Keywords

1 Introduction

The COVID-19 pandemic is an ongoing pandemic of coronavirus disease 2019 (COVID-19) caused by severe acute respiratory syndrome coronavirus 2 (SARSCoV-2). Recent studies reported that the pathologic mechanism of COVID-19 is similar to other severe acute respiratory coronavirus pneumonia. In this research, we utilize features that are typically associated with pneumonia: Ground Glass Opacity (GGO) and Consolidation, to assess the severity of the COVID-19 case of concern rather than detection of the case itself. Due to the lack of credibility of Machine-Learning (ML) based solutions, this research focuses on the detection of GGO and Consolidation from the X-ray of COVID-19 patients and measures the size and position this to evaluate the severity of the given case of COVID-19. Convolutional neural network (CNN) has demonstrated its effectiveness in diagnosing medical radiography (e.g., chest Xray, CXR and computed tomography, CT) and perfectly matches this work’s purpose.

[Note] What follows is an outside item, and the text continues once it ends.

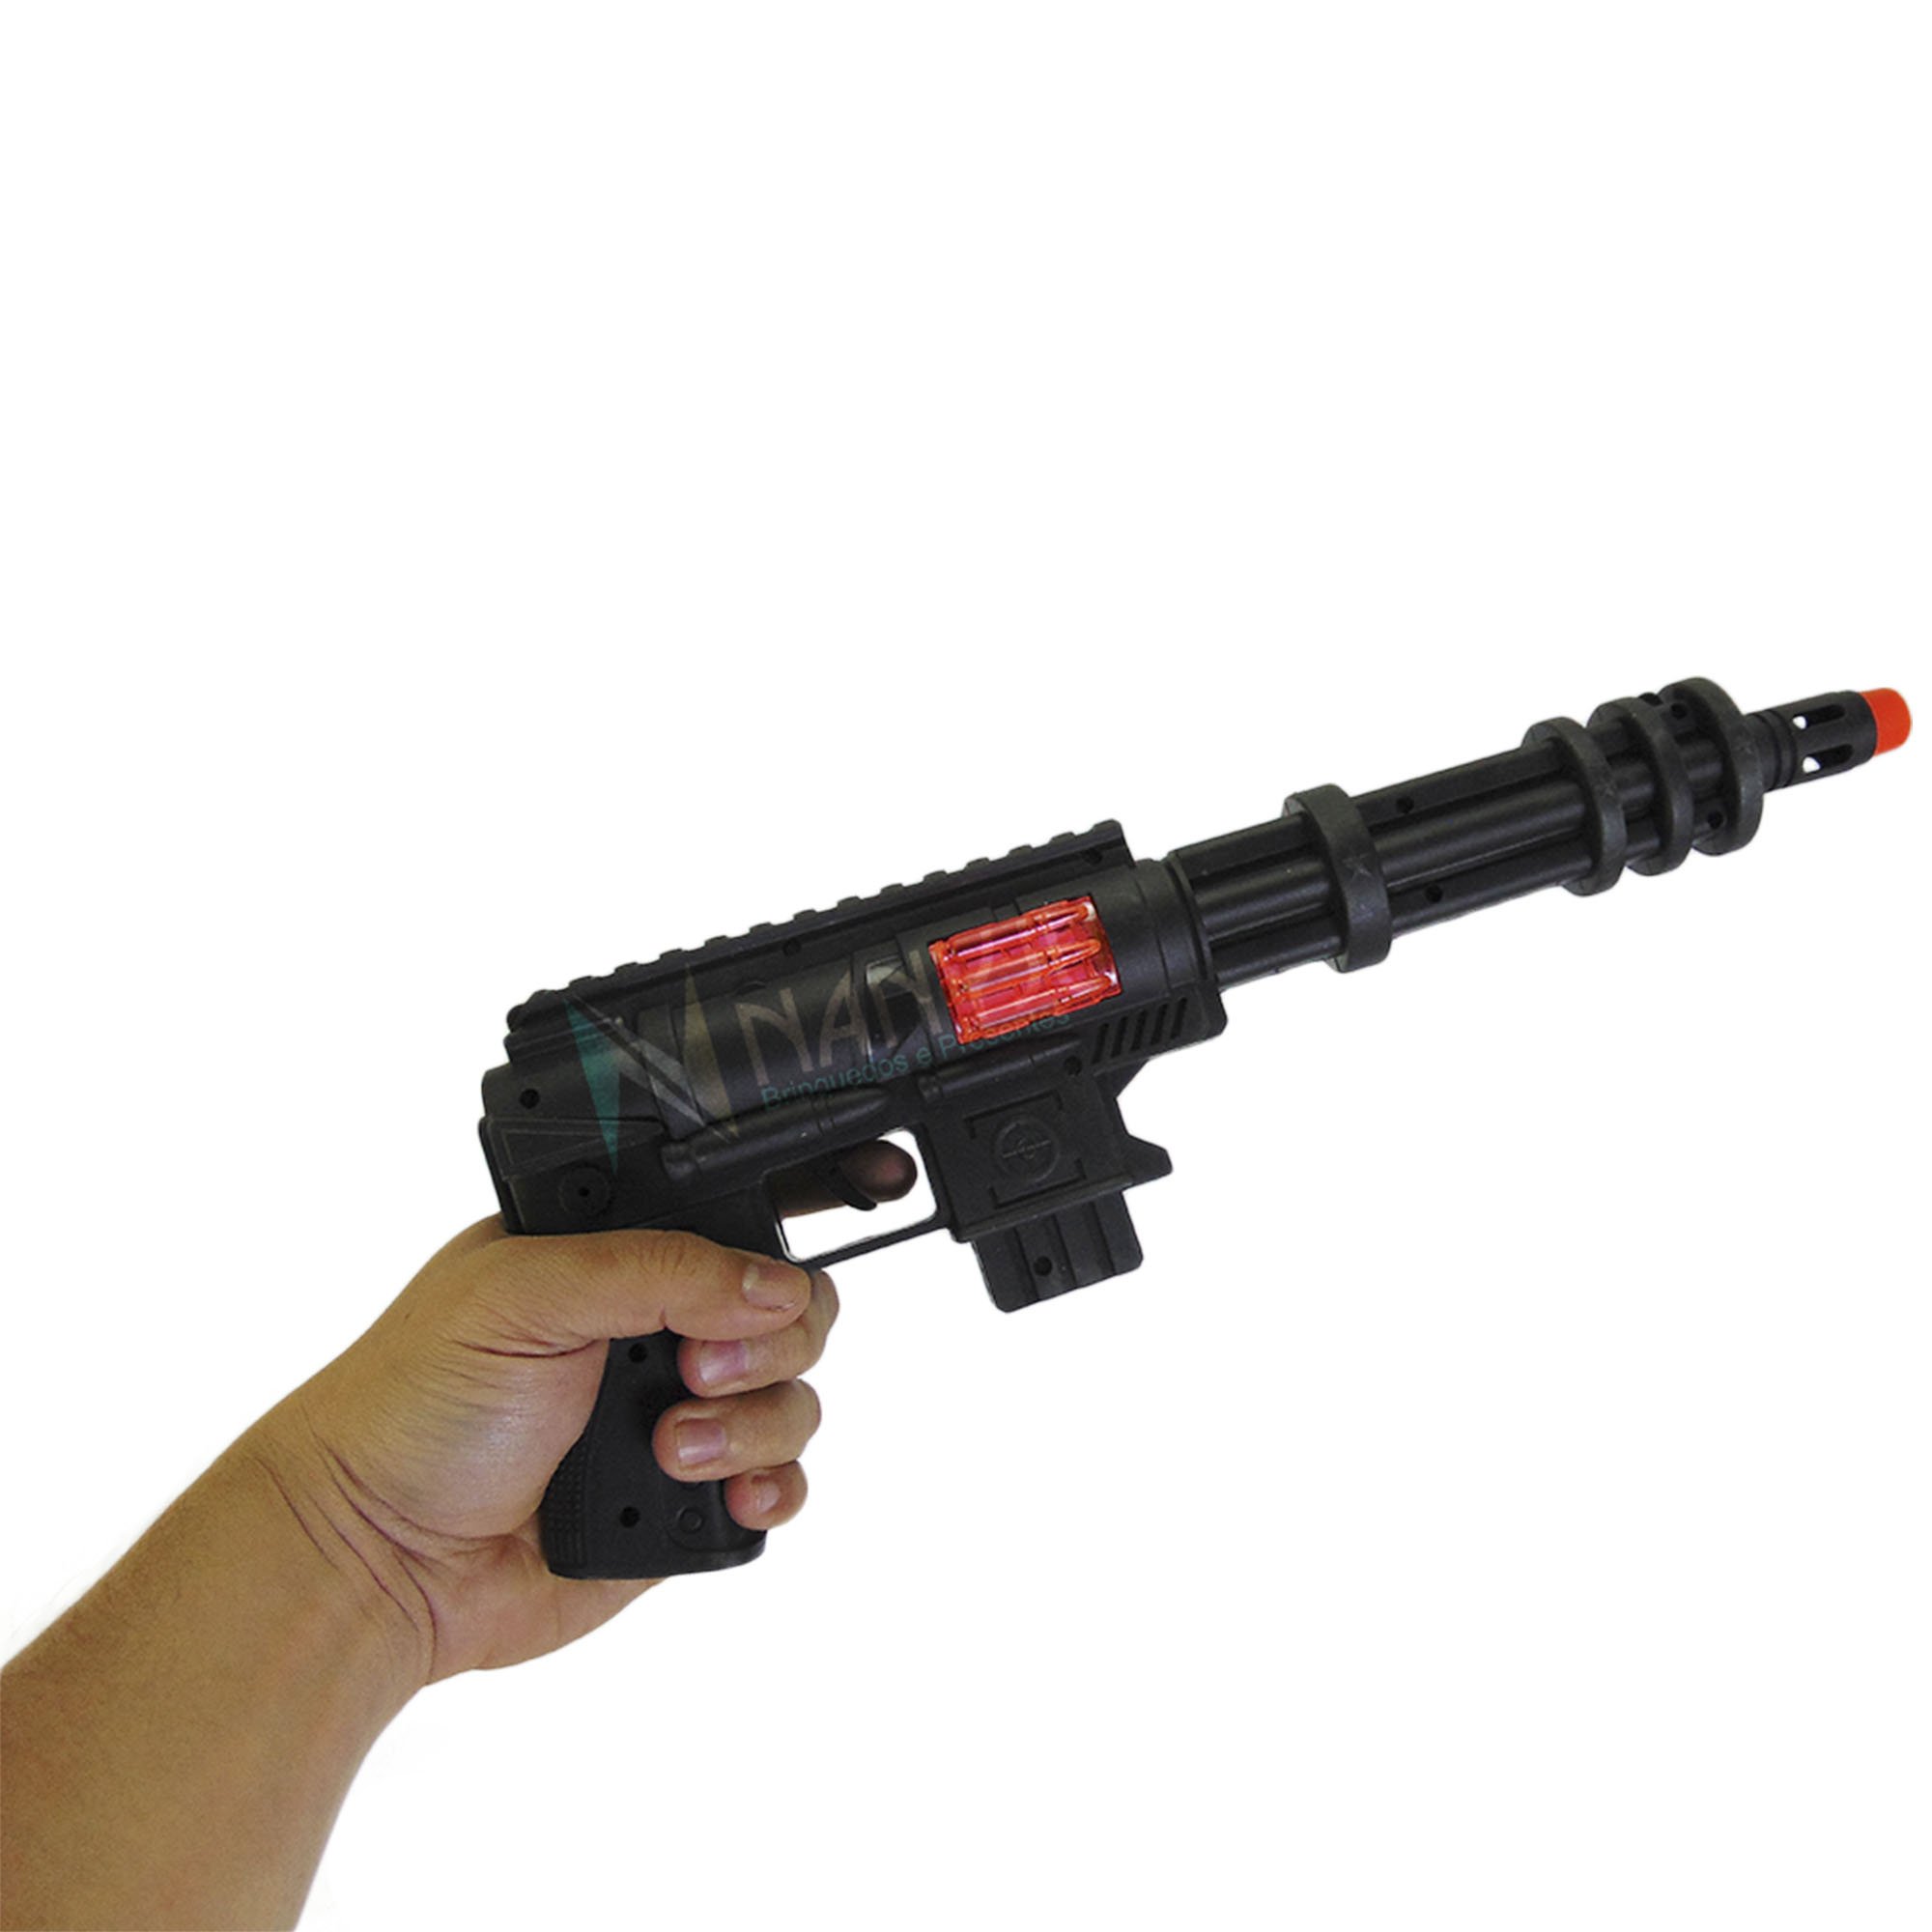 Arma Metralhadora De Brinquedo Som Friccao - Desconto no Preço

In this study, first, we demonstrate the usefulness of lung lesions (GGO and Consolidation) as a bio-marker in developing an AI-powered solution for COVID-19 diagnosis and severity assessment. Next, we detect the lung lesion on CXR by the most current state-of-the-art deep learning architecture model (e.g., Faster R-CNN) for object detection. Moreover, the standalone employment of the feature extractor of Faster R-CNN as an image classifier for conducting experiments, is our premise for applying transfer learning in proposals to come.

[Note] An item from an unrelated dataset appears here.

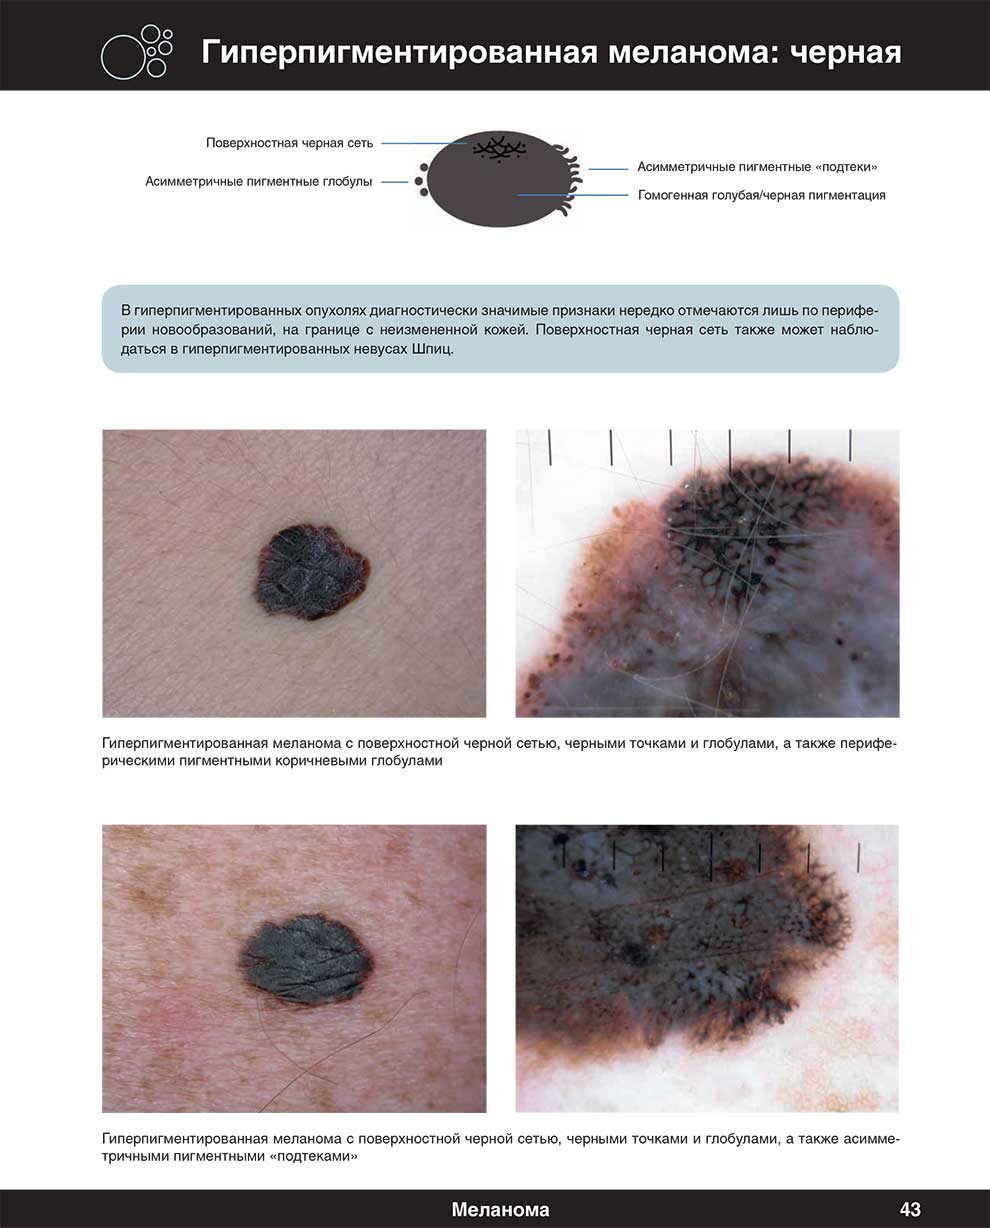 Гиперпигментированная меланома: черная

Despite the limitations of this study, which are related to the capability of annotating sufficient amounts of training data, results concerning the exploitation of pneumonia features are encouraging. Especially, GGO and Consolidation incorporated with deep learning facilitates more specialized research into COVID-19 diagnosis and severity assessment on the development of medical radiography solutions, which will contribute to the fighting against the pandemic.

2 Related Work

There was a markedly limited number of existing works on the quantitative monitoring of COVID-19 progression or severity assessment [1]. The majority of these existing studies focus only on computed tomography (CT) modality. However, CT image data acquisition requires complex patient preparation, extensive expertise, time consuming procedures, and the use of highly sophisticated devices (e.g., Picture archiving and communication systems, PACS). On the contrary, Chest X-ray (CXR) is the first-line image modality recommended by medical practitioners for lung infection detection. CXR may have the potential to play a critical role in COVID-19 related problems.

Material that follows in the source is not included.